Я вышел из дома и подошел к ним обоим, поинтересовавшись причиной задержки у моей калитки. Прохожий тихим печальным голосом поздоровался, а затем жалостливым плаксивым тоном выразил нестерпимое жгучее желание опохмелиться. Мол, очень тяжко себя чувствует, и небольшая доза алкоголя его здорово бы взбодрила.
Я сразу понял, что это обычный, и широко распространенный в наше переломное время, бомж. Однако воскресное весеннее утро было чудесным, настроение у меня распрекрасное, и набор позитива подтолкнул к благотворительности.
90-ые годы изобиловали паленым алкоголем и прочими артефактами. И мы с супругой, дабы избежать тяжких последствий после приема суррогата, полностью перешли на потребление собственноручно приготовленных напитков. Благо, частный дом такое производство позволял. И закон не запрещал. Тем более, что изготавливали мы для личного пользования. Угощения друзей не в счет. Да мы и потребляли весьма нечасто, поскольку частный дом, дети и внуки требовали внимания, а мы нуждались в уважении, а не в упреках.
А потому я вынес полстакана страждущему для поправки пошатнувшегося здоровья. Выпил он жадно, блеском в глазах отображая восторг и счастье. Я уже собрался распрощаться с ним и уйти в дом, но ему вдруг возжелалось пуститься в откровения. И он поведал мне историю своего падения.

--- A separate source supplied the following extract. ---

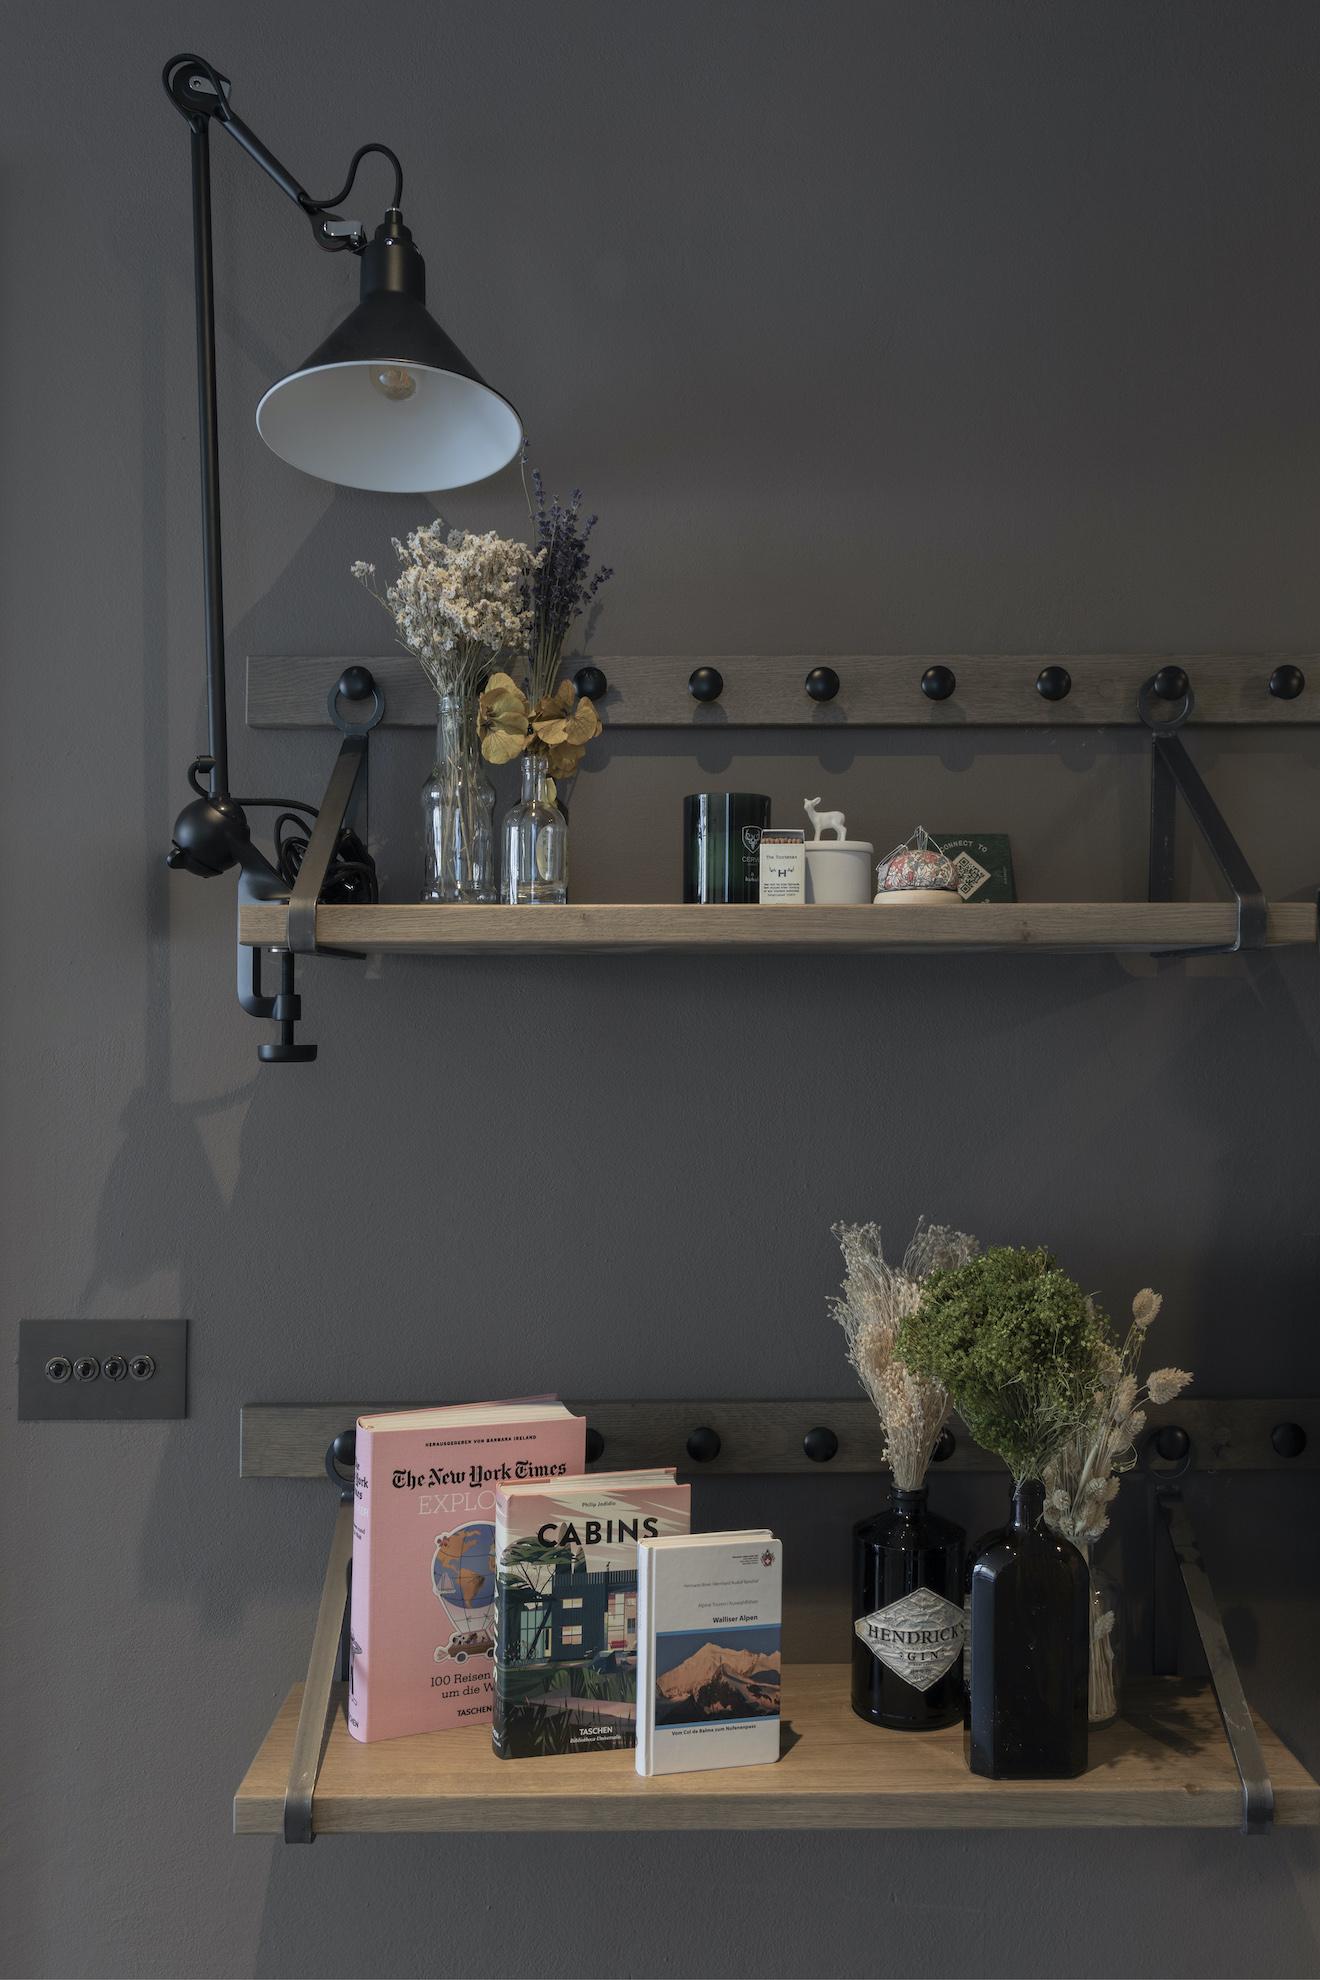 Bookshelf with decoration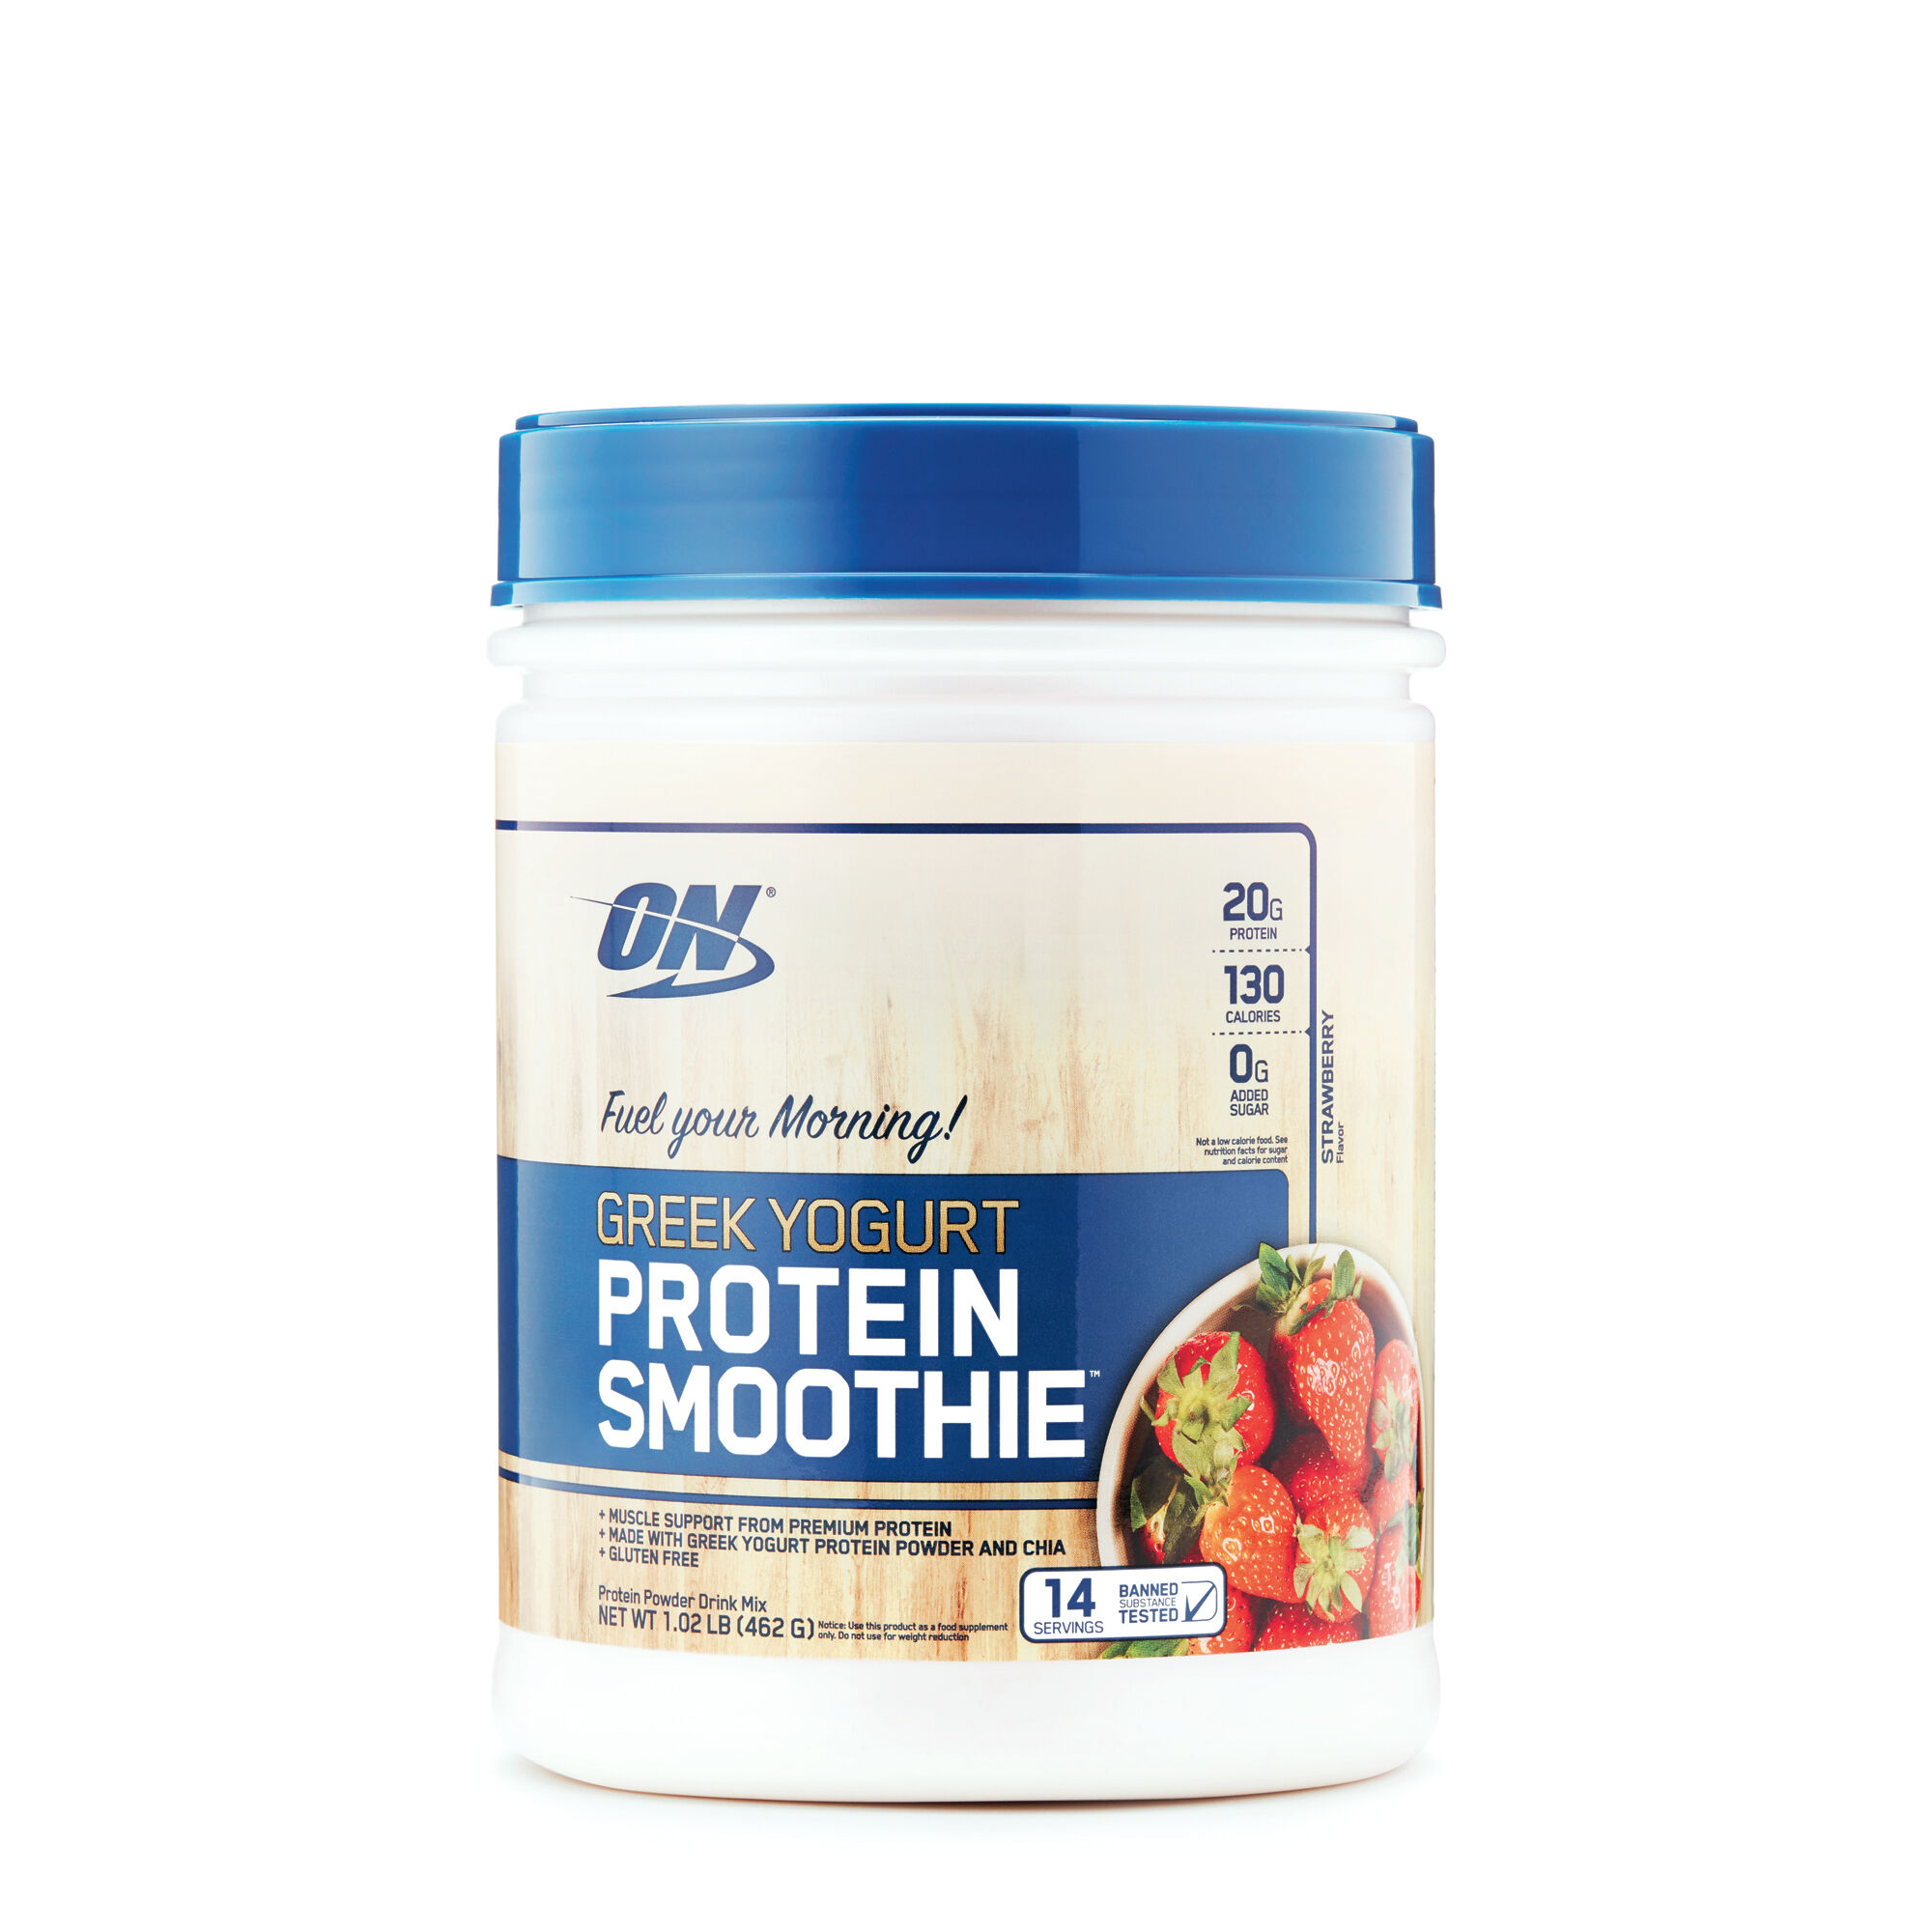 Gnc protein powder price : Hershey lodge coupon code

33 года. Жил с мамой в двухкомнатной квартире, работал. Вот этой осенью случился пожар с летальными последствиями. Погибла мама. Квартира несильно пострадала. Но он с горя запил, и руки до ремонта не доходили. Потом, собрав котомку, пошел по подвалам, поскольку собственная квартира с печным отоплением, а угля нет, работу потерял, средств к существованию аналогично взять неоткуда.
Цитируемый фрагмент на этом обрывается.